The Best (and Worst) Dad Jokes for Adults 👋

Get ready for some grown-up laughs with our collection of dad jokes for adults! These jokes take the classic dad humor up a notch with clever twists, puns, and humor that’s perfect for an older audience. Whether you’re sharing them at a dinner party or just looking for a laugh, our dad jokes for adults deliver the perfect blend of wit and charm. Explore our collection of adult-friendly dad jokes that are sure to leave you laughing!
Q: What breed of dog can jump higher than a skyscraper? A: Any breed of dog. Skyscrapers can't jump.
I asked the IT guy, 'How do you make a Motherboard?' He said, 'I tell her about my job.'
If you're feeling depressed, try drinking a gallon of water before you go to sleep. It'll give you a reason to get out of bed in the morning.
Why do standup comedians perform poorly in Hawaii? Because the audience only responds in a low ha.
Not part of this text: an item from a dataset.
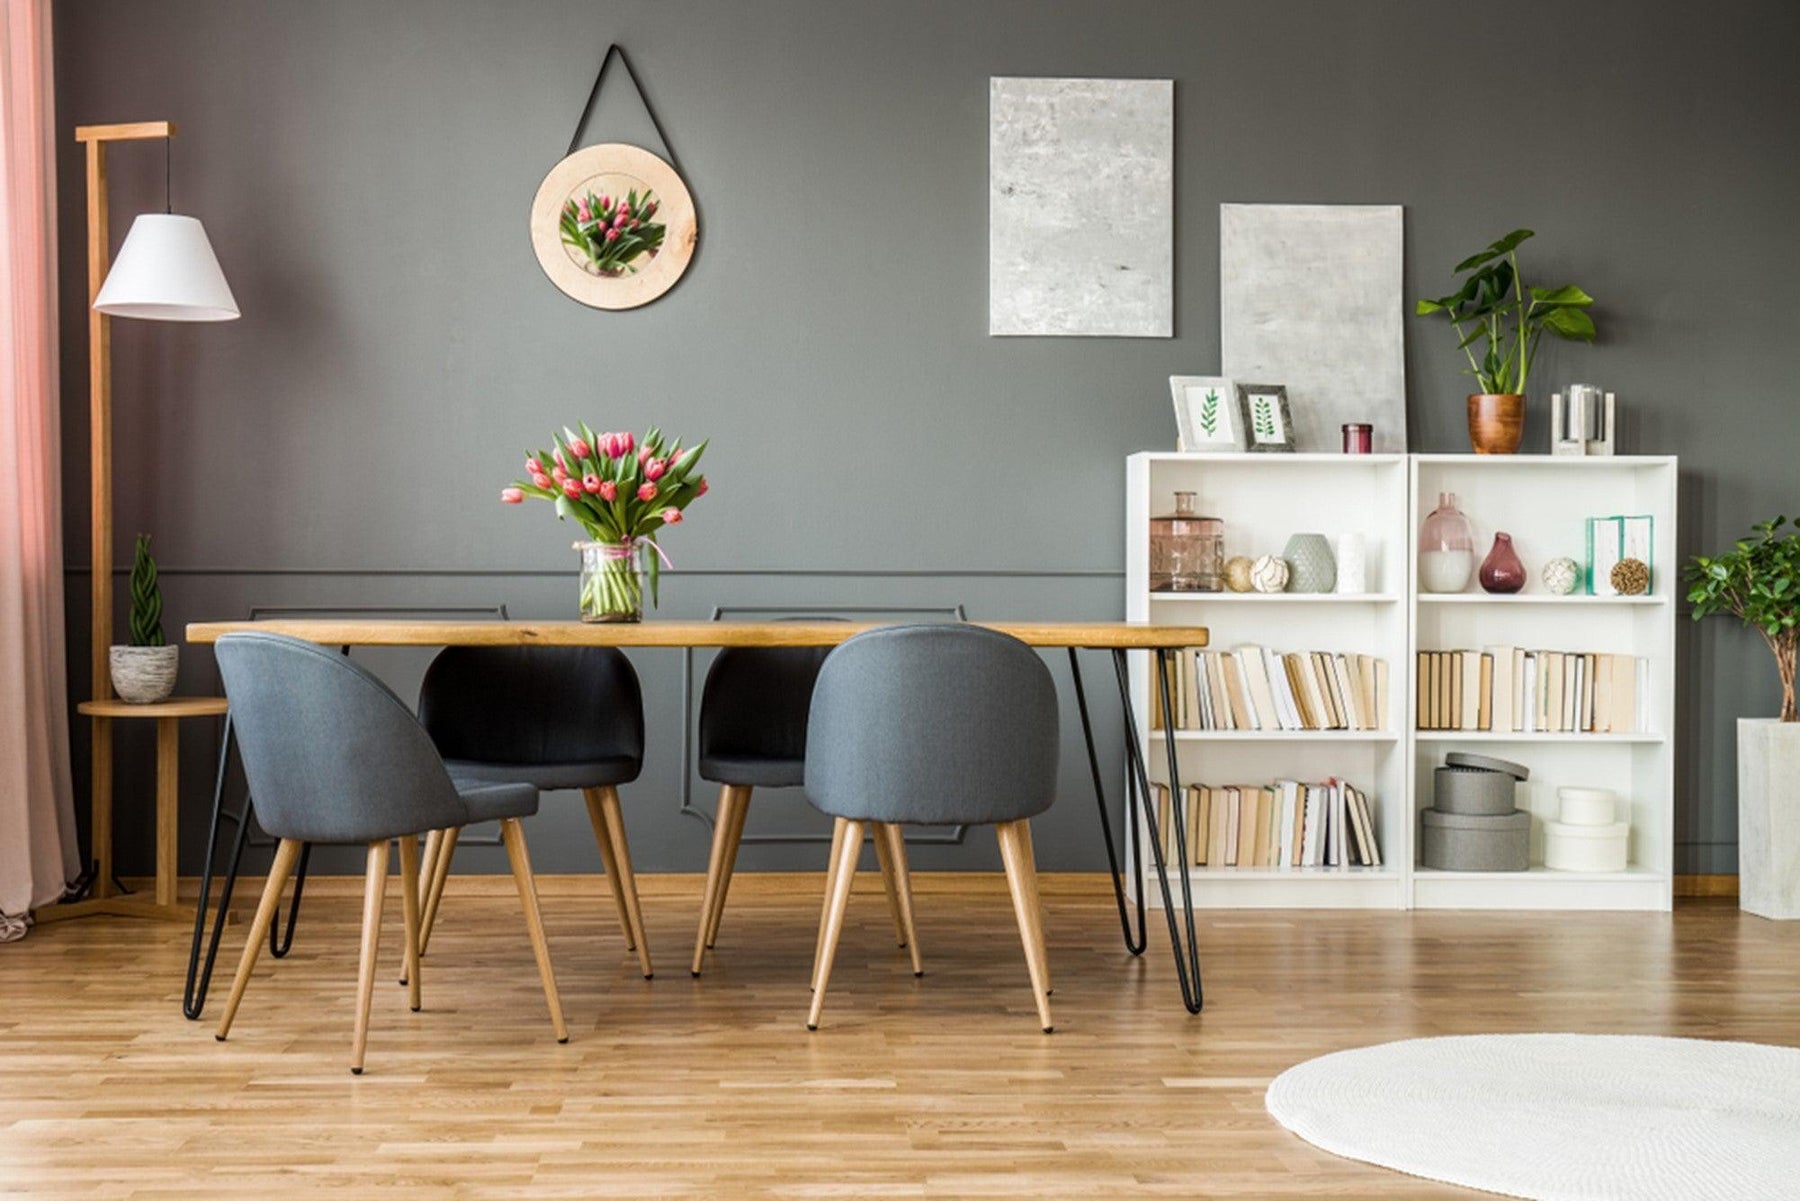 Dining Room Design that Draws You In - HomesToLife

Women should not have children after 36—really, 36 children is enough.
What did Barack Obama write inside his Valentines card? "I'm glad I've got you Michelle; I didn't want to be Obamaself"
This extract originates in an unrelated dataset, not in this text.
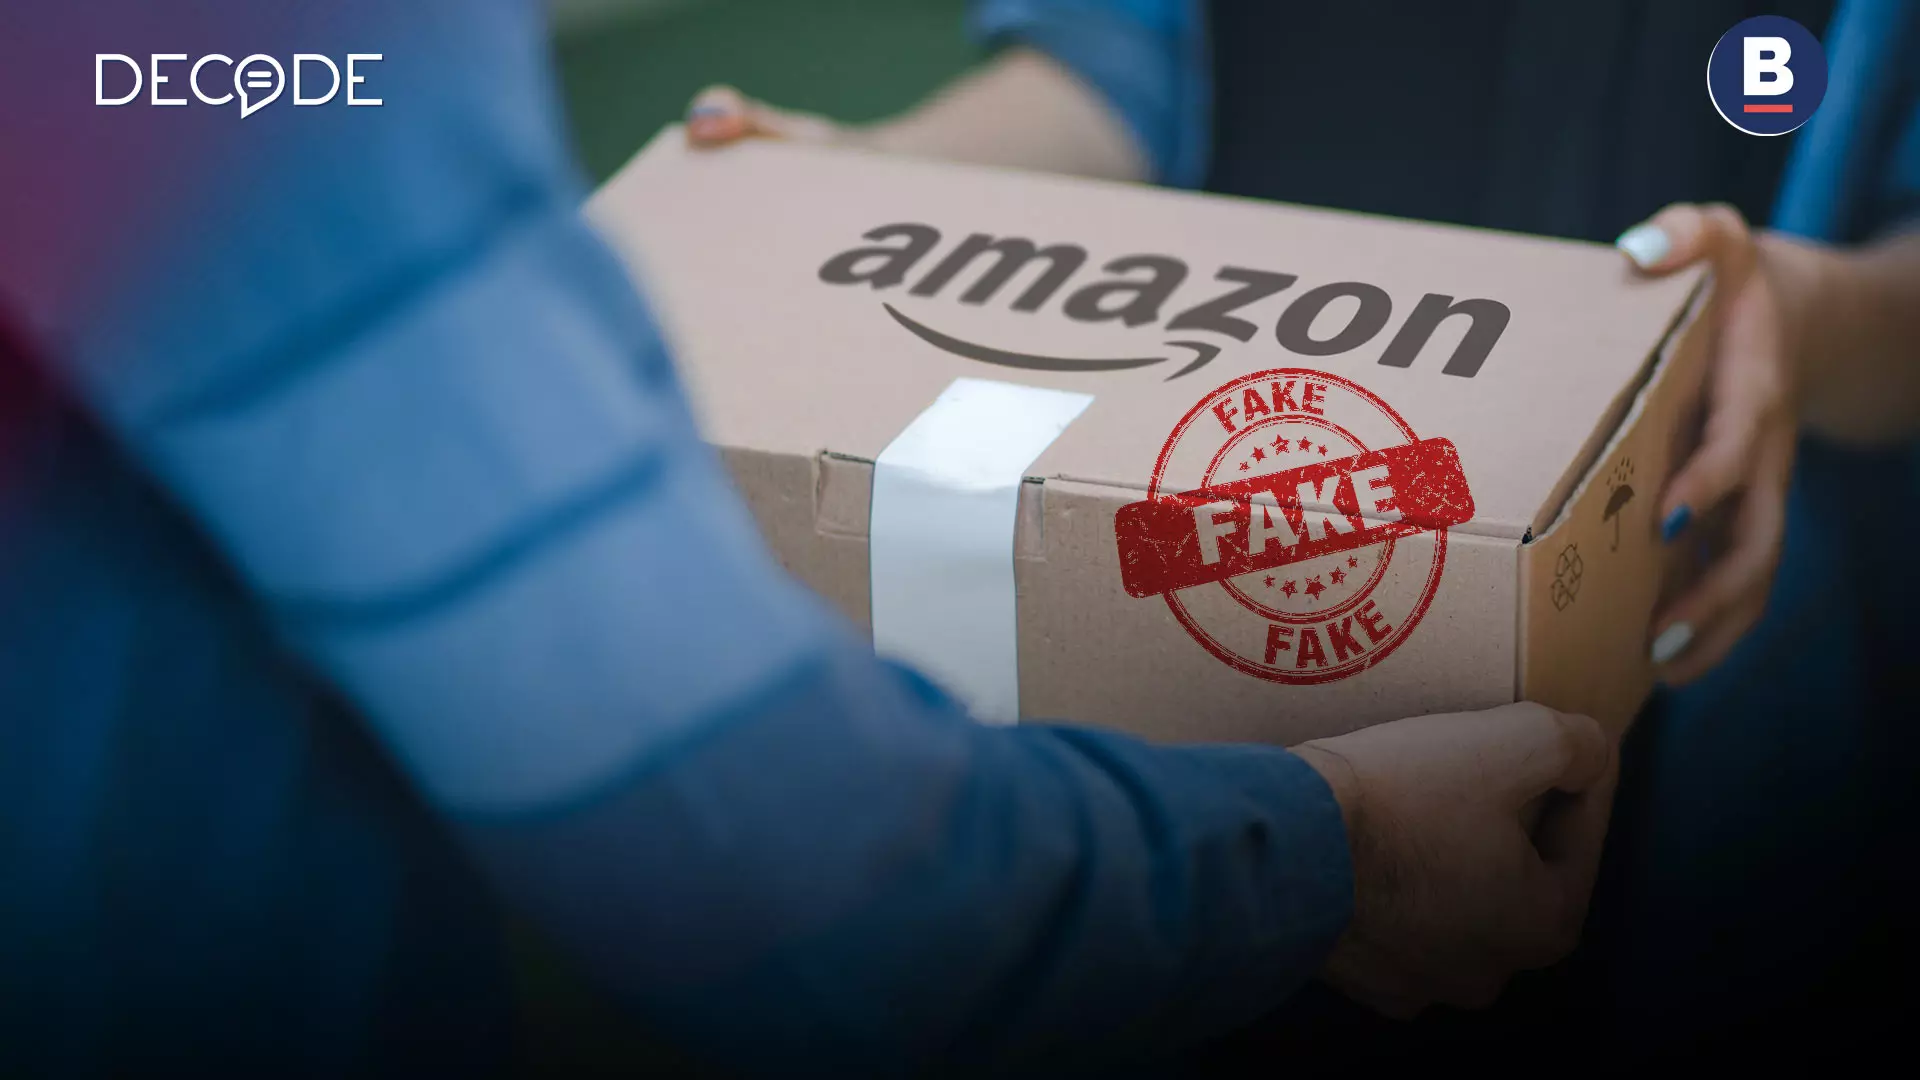 Fake Product Scare: Amazons Customers Demand Better Redressal

Why did Jeffrey Dahmer keep a blender on his front porch? So he could greet visitors with a handshake.
It's never too late to lose weight. My dad lost 130 pounds moments before we spread his ashes.
It’s brave to admit you have an STD. Always clap for those folks!
In a freak accident today, a photographer was killed when a huge lump of cheddar landed on him. To be fair, the people who were being photographed did try to warn him.
What is the difference between a literalist and a kleptomaniac?
Did you hear about the french general who stepped on a landmine? Napoleon Blown Apart.
My wife and I laugh at how competitive we are. But I laugh more.
My parents raised me as an only child. Which really annoyed my younger brother.
I heard Sony’s coming out with a new console during the pandemic...It’s called the Plaguestation 5.